### [WHAT IS EXPECTED]
Write out the entries below once more, exactly, with the pictures left out.

(Stored records)
__________________________________________________

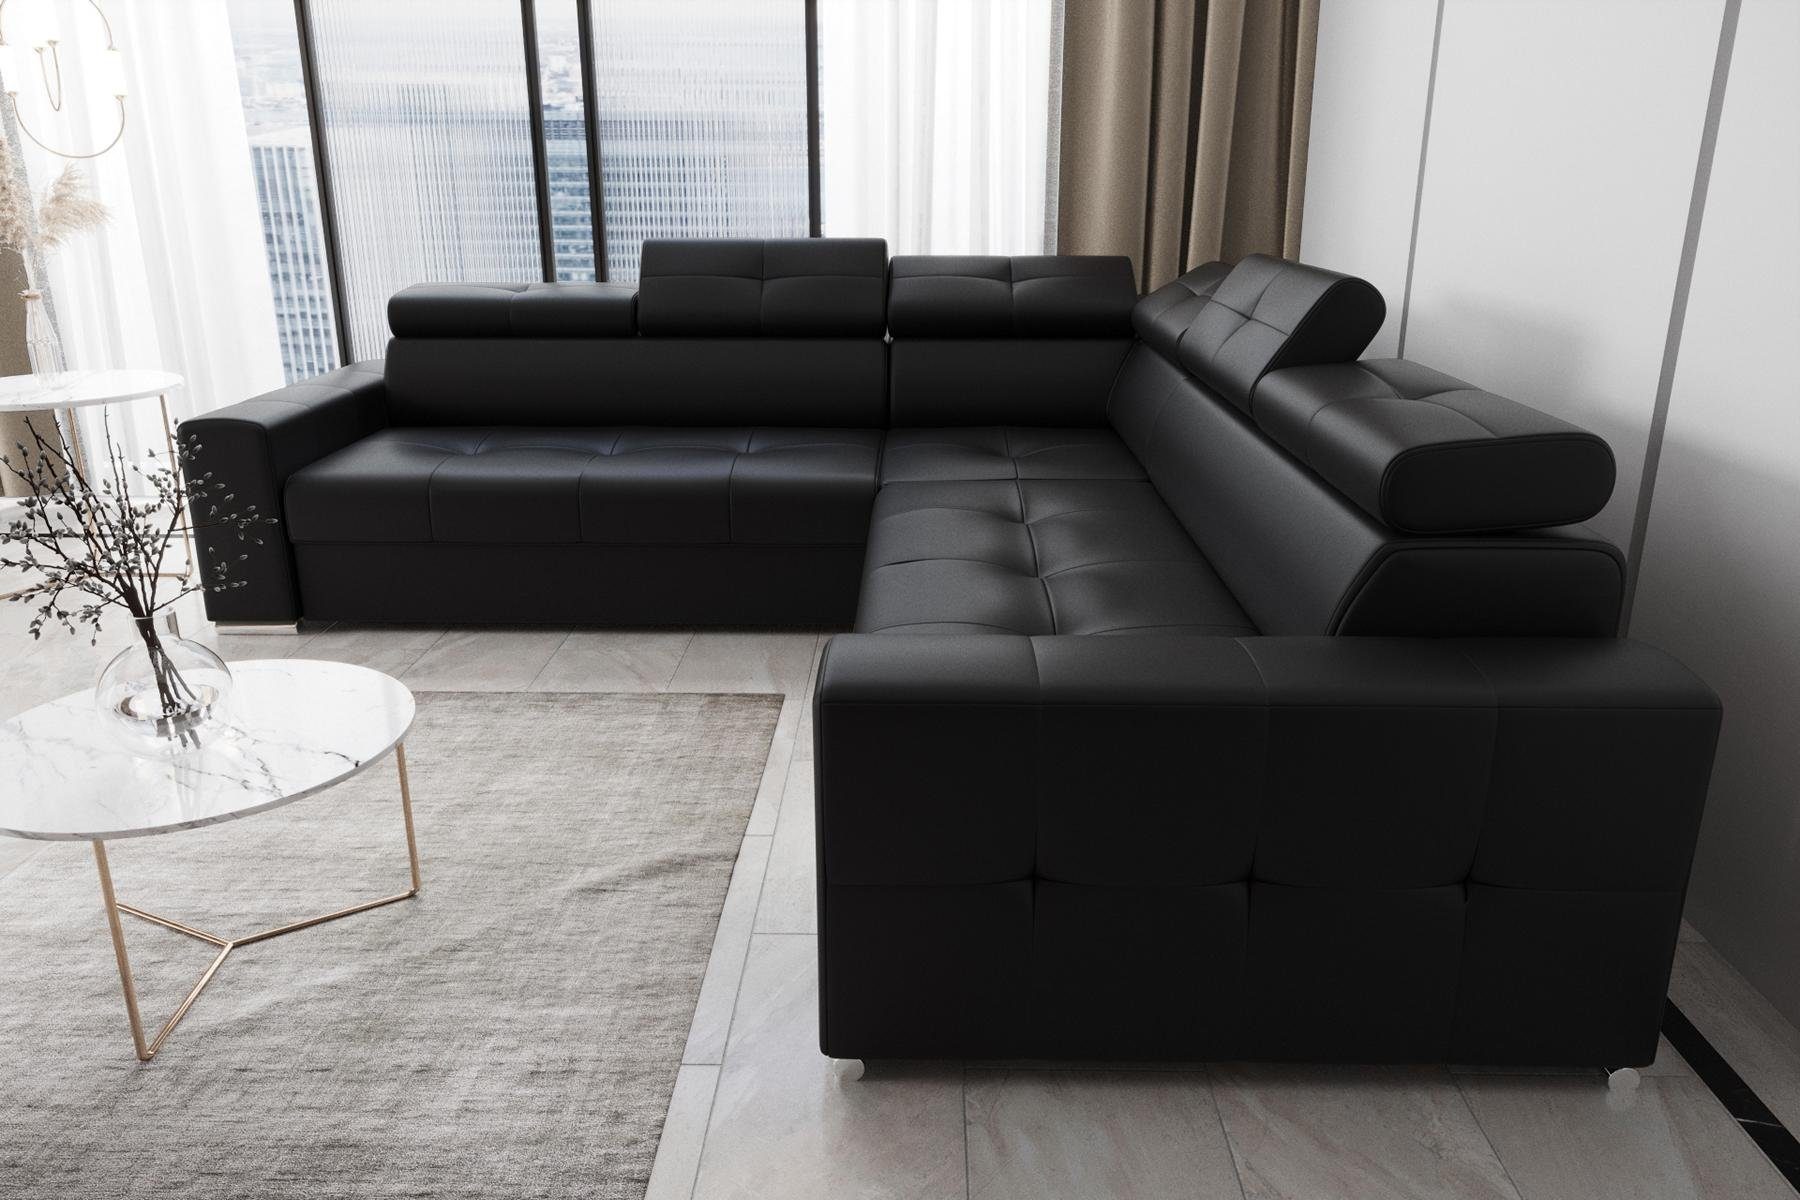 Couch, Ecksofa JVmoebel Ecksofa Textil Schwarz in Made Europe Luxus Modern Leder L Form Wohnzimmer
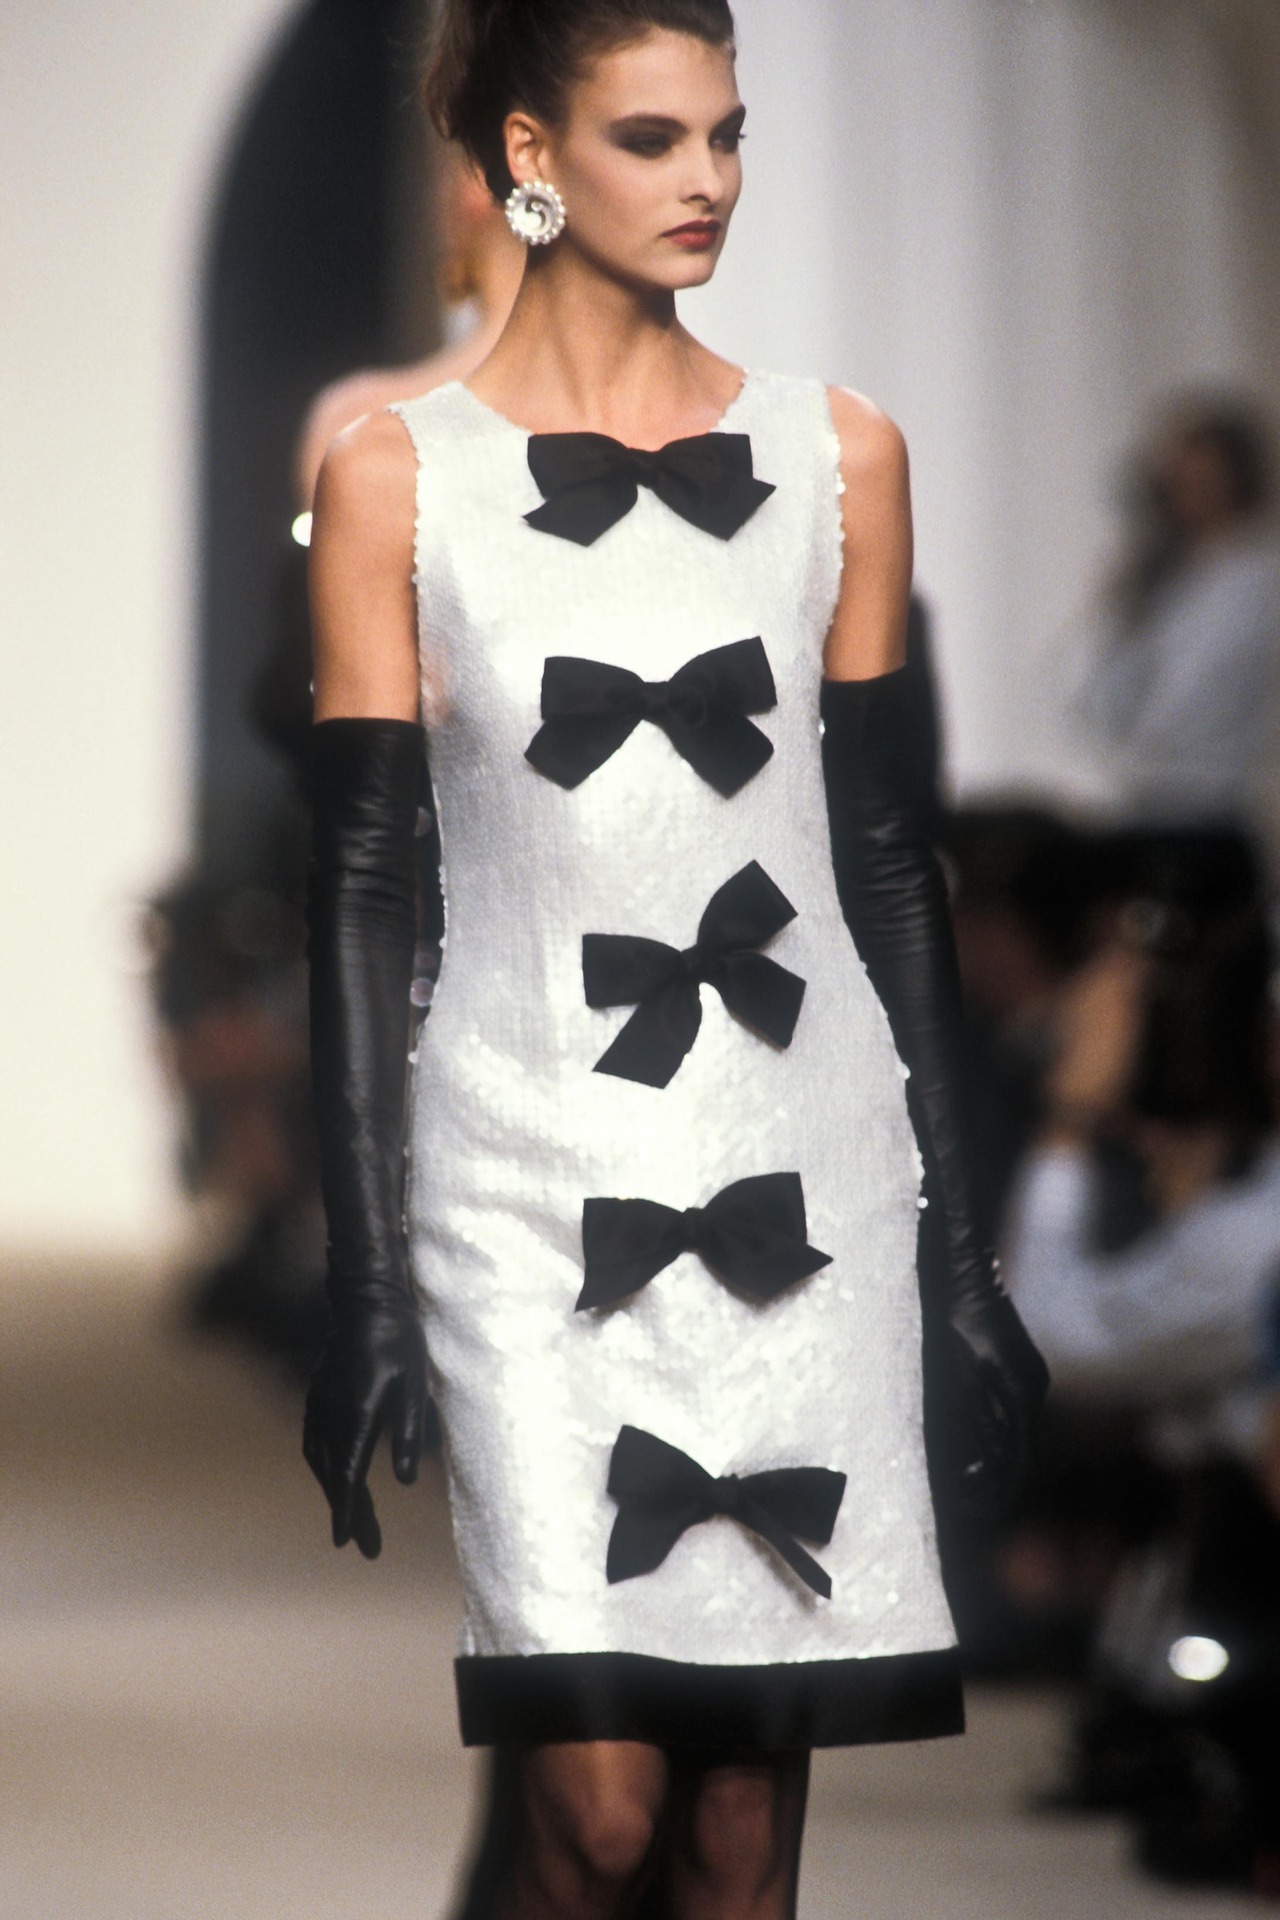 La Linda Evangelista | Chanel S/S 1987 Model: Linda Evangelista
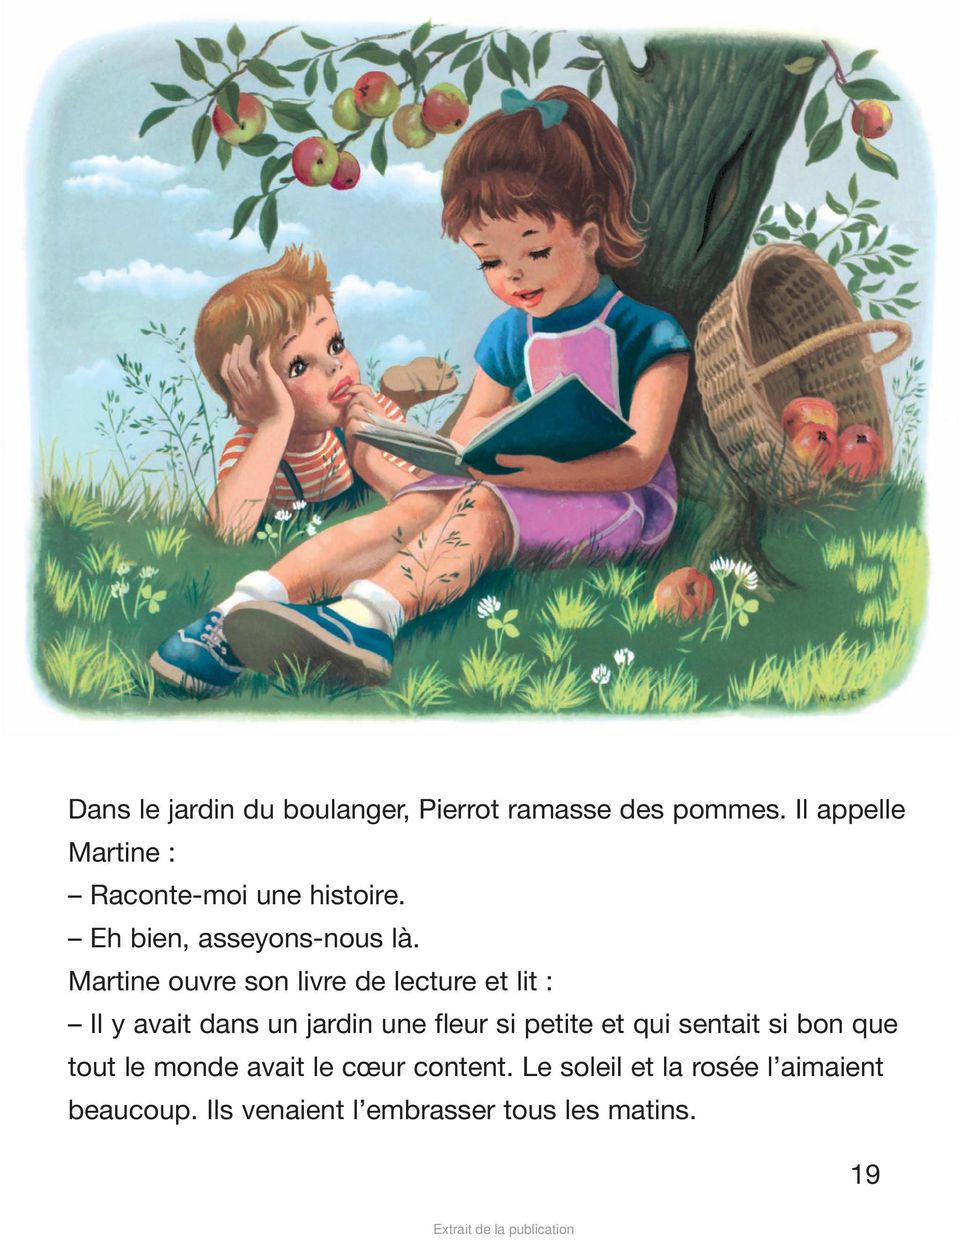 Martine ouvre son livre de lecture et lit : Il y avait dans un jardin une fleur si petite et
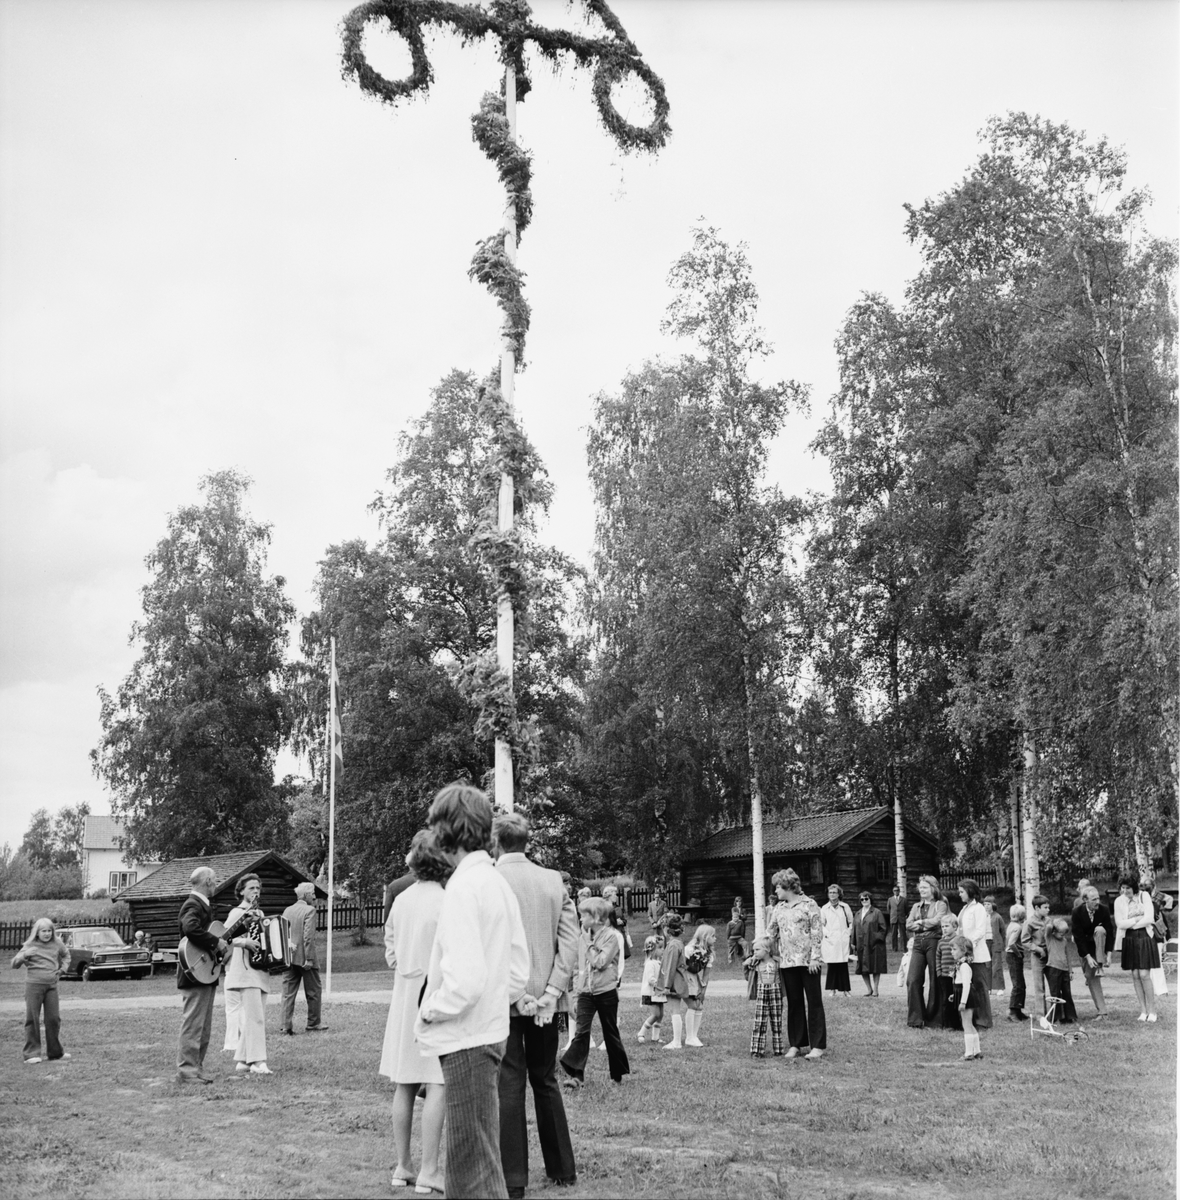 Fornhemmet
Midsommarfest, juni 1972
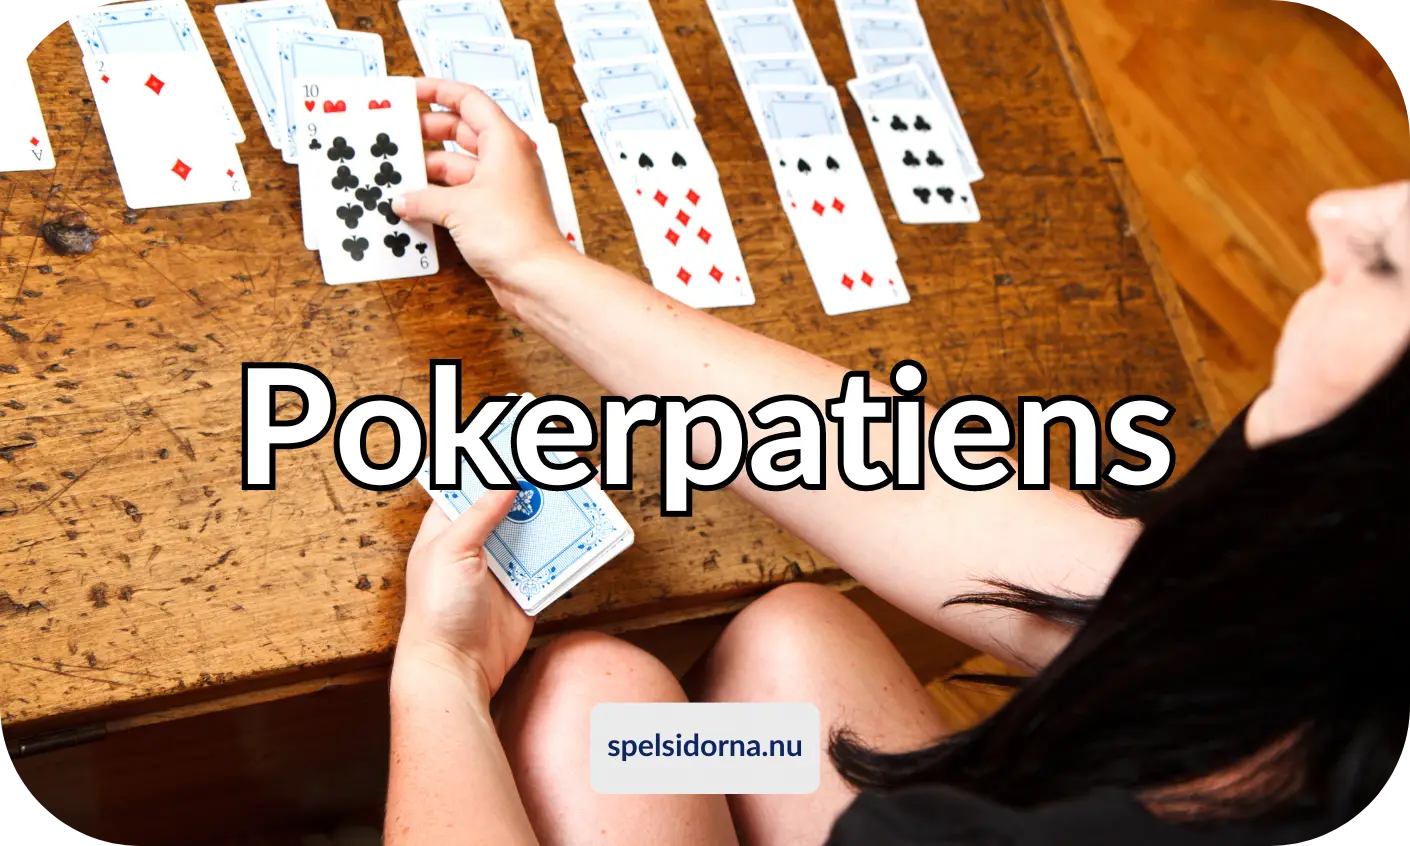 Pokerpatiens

__________________________________________________

### [TASK SOLUTION]
 Couch, Ecksofa JVmoebel Ecksofa Textil Schwarz in Made Europe Luxus Modern Leder L Form Wohnzimmer
 La Linda Evangelista | Chanel S/S 1987 Model: Linda Evangelista
 Martine ouvre son livre de lecture et lit : Il y avait dans un jardin une fleur si petite et
 Fornhemmet
Midsommarfest, juni 1972
 Pokerpatiens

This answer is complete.